United Rentals last week announced first-quarter 2007 continuing operations diluted earnings per share of $0.30, an increase of 30 percent compared with $0.23 for the first quarter 2006. Income from continuing operations for the first quarter 2007 increased 28 percent to $32 million from $25 million for the first quarter 2006. Total continuing operations revenue of $841 million for the first quarter increased 5.3 percent compared with the same period last year.
In February, the company completed the previously announced sale of its traffic control business, which is reflected as discontinued operations.
Net income for the first quarter 2007 was $30 million, or $0.28 per diluted share, including the discontinued operation after-tax loss of $2 million, or $0.02 per diluted share. Net income for the first quarter 2006 was $20 million, or $0.19 per diluted share, including the discontinued operation after-tax loss of $5 million, or $0.04 per diluted share.
The size of the rental fleet, as measured by the original equipment cost, was $4.0 billion and the age of the rental fleet was 38 months at March 31, compared with $3.9 billion and 39 months at year-end 2006, and $3.9 billion and 40 months at March 31, 2006.
Also in the first quarter, return on invested capital at March 31, improved 1.0 percentage point to 14.4 percent. EBITDA, a non-GAAP measure, improved $13 million to $213 million. Rental rates increased 1.7 percent and same-store rental revenue increased 2.3 percent. In addition, dollar utilization increased 0.1 percentage points to 56 percent and contractor supplies sales increased 13.3 percent to $94 million.
“Our business continued to perform well in the first quarter, with a 30-percent improvement in earnings per share, solid revenue growth and free cash flow in line with our full-year forecast,” said CEO Wayland Hicks. “Earnings per share were a first-quarter record for our company.
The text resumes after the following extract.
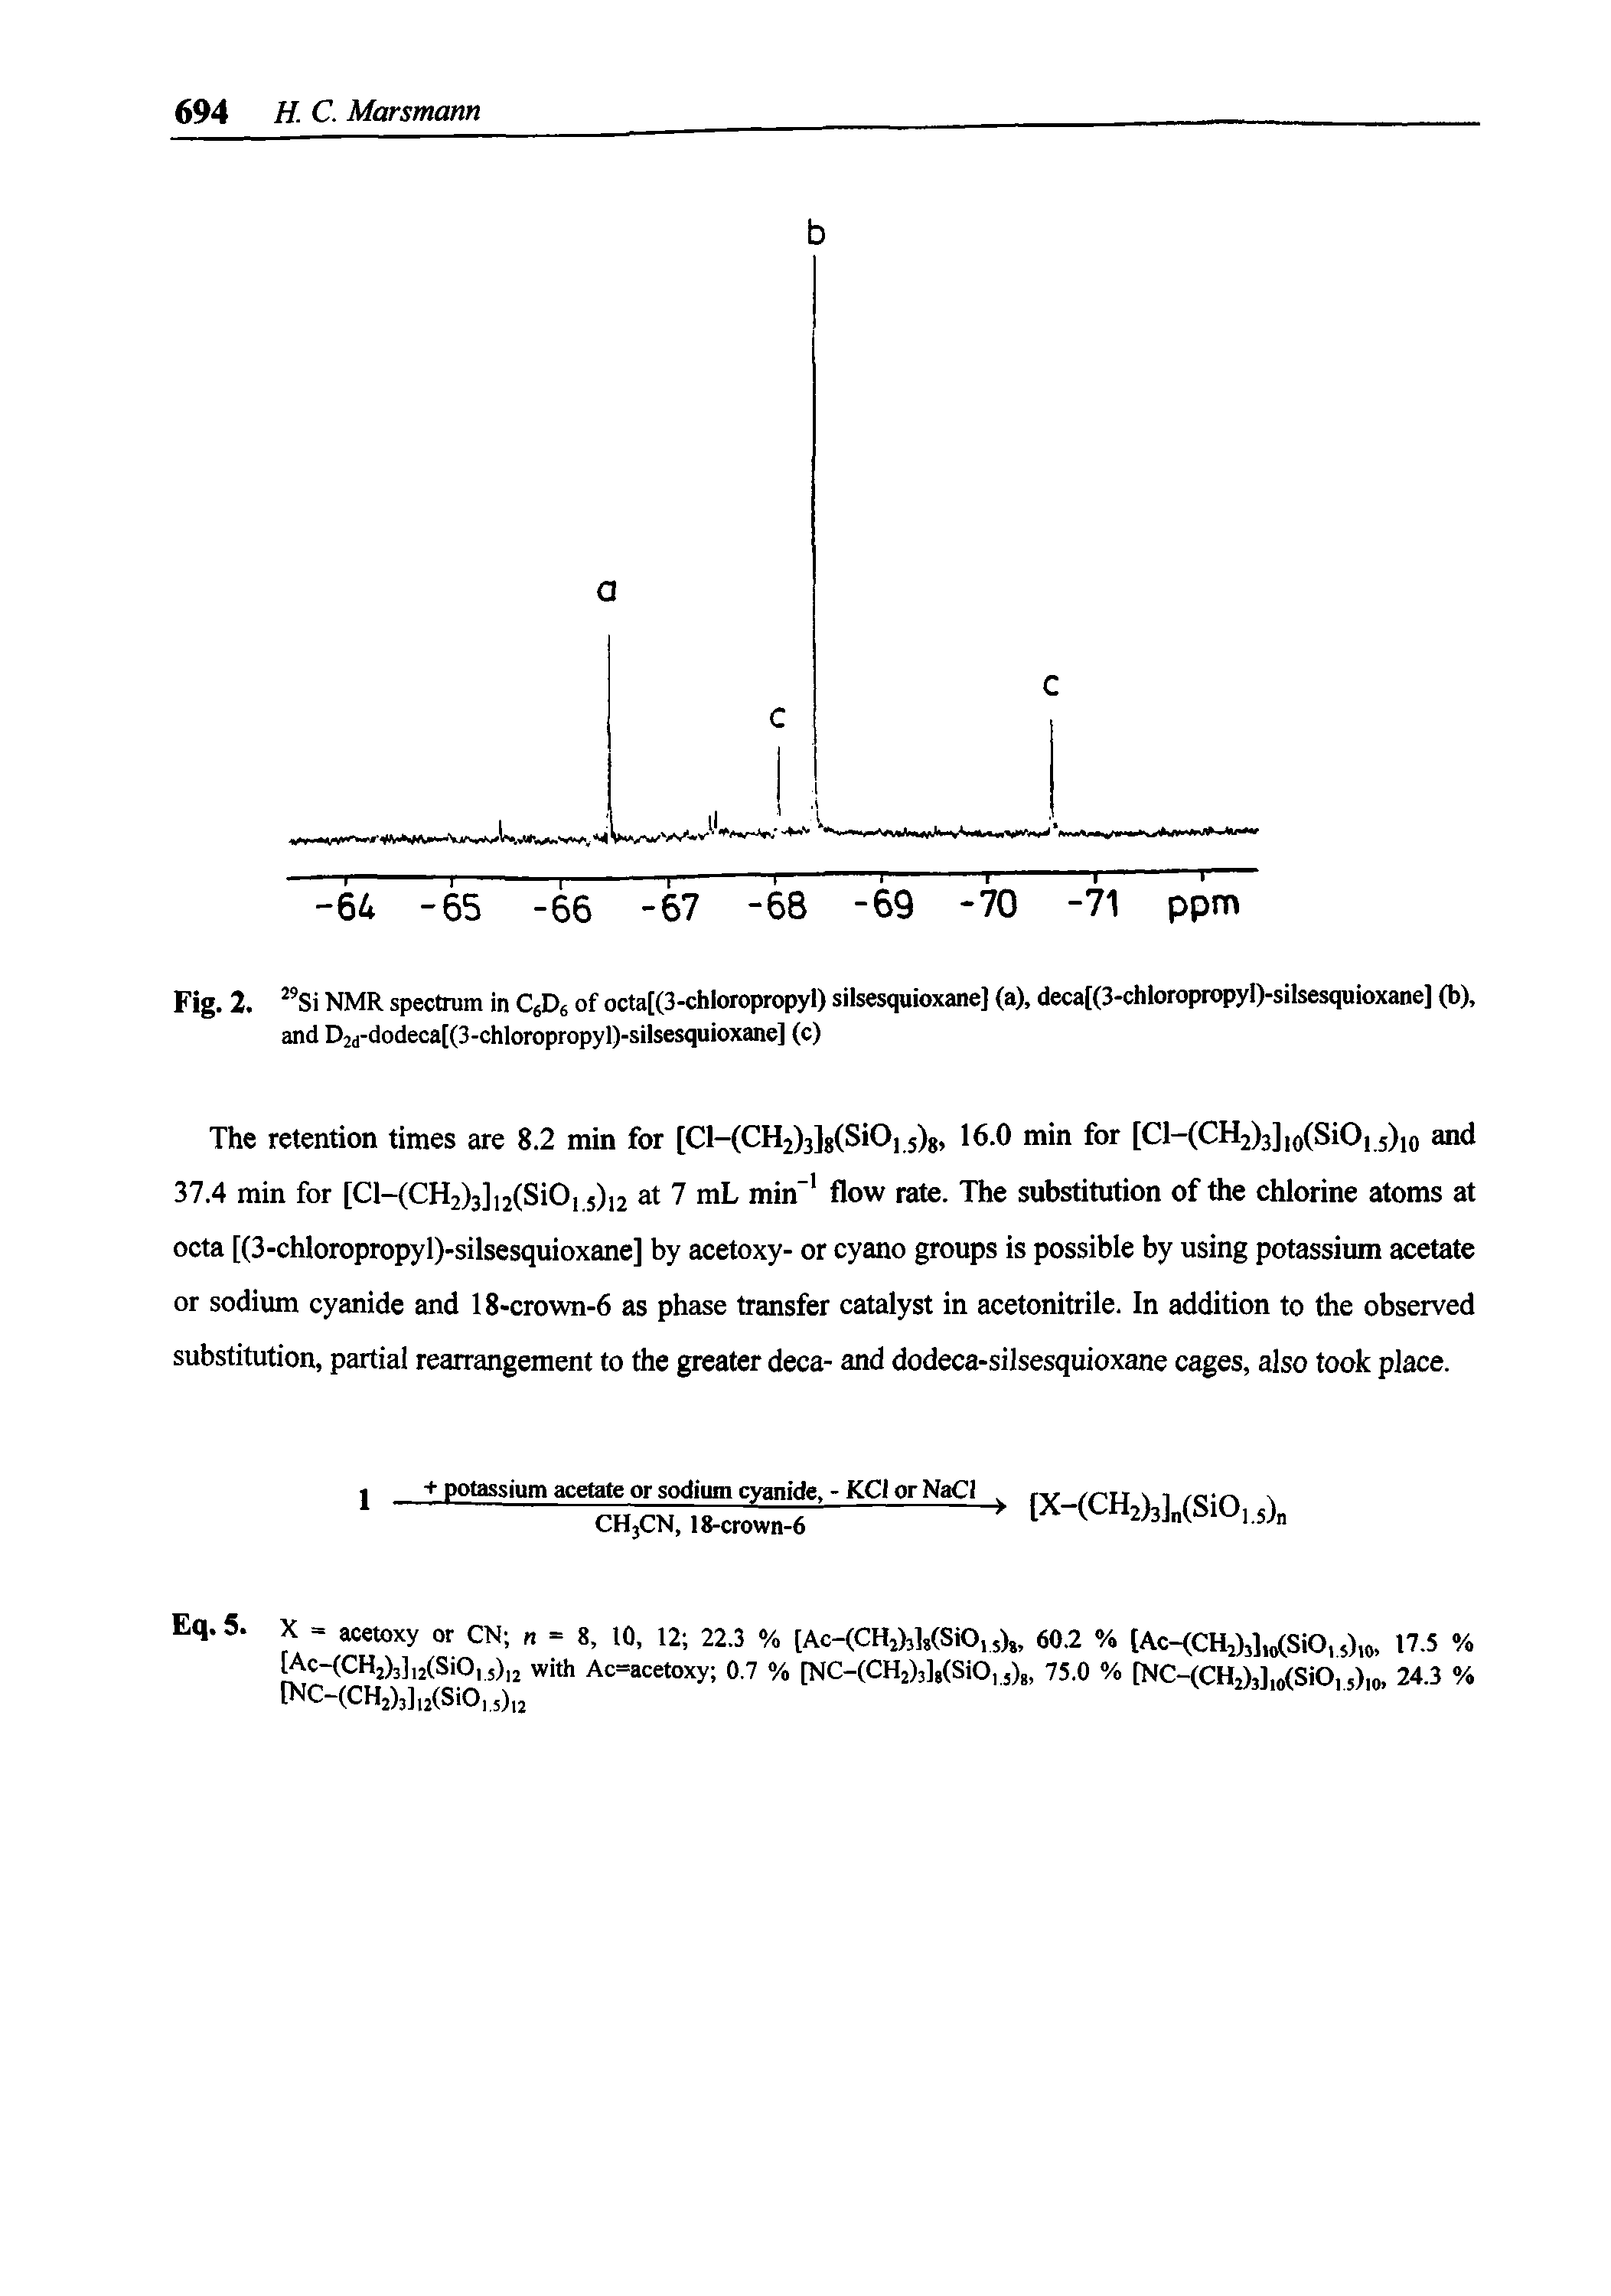 Fig. 2. NMR spectrum in CsDs of octa[(3-chloropropyl) silsesquioxane] (a), deca[(3-chloropropyI)-silsesquioxane] (b), and D2d-dodeca[(3-chloropropyl)-silsesquioxane] (c)...

“As we improve earnings from operations, we are also actively continuing the process we announced last month to explore a broad range of strategic alternatives to maximize shareholder value.”
The company affirmed its full-year 2007 outlook for diluted earnings per share of $2.65 to $2.75. The company also expects to generate $1.2 billion of EBITDA on $3.85 billion in total revenue, and $150 to $200 million of free cash flow after total capital expenditures of $960 to $980 million.
“We are focused on expanding our margins and accelerating EBITDA growth by driving down the SG&A expense ratio and reducing non-equipment purchase costs through consolidation of our vendor base,” said Michael Kneeland, chief operating officer. “At the same time, we are seeking to optimize return on invested capital through more intense management of our fleet mix, rates and expenses.”
On April 10, the company announced that its board of directors had authorized commencement of a process to explore a broad range of strategic alternatives to maximize shareholder value, including a possible sale of the company. The company cautions that there can be no assurance that the exploration of alternatives will result in a transaction. The company does not expect to disclose further developments regarding the process unless and until its board of directors has completed its evaluation or approved a specific transaction.
The company also announced that Wayland Hicks will retire as CEO effective at the annual shareholders' meeting on June 4, and will continue to serve on the board as vice chairman. Michael Kneeland will succeed him as interim CEO.
Return on invested capital was 14.4 percent for the 12 months ended March 31, an improvement of 1.0 percentage point from the same period last year.
Based in Greenwich, Conn., United Rentals is No. 1 on the RER 100 with an integrated network of more than 690 rental locations in 48 states, 10 Canadian provinces and Mexico.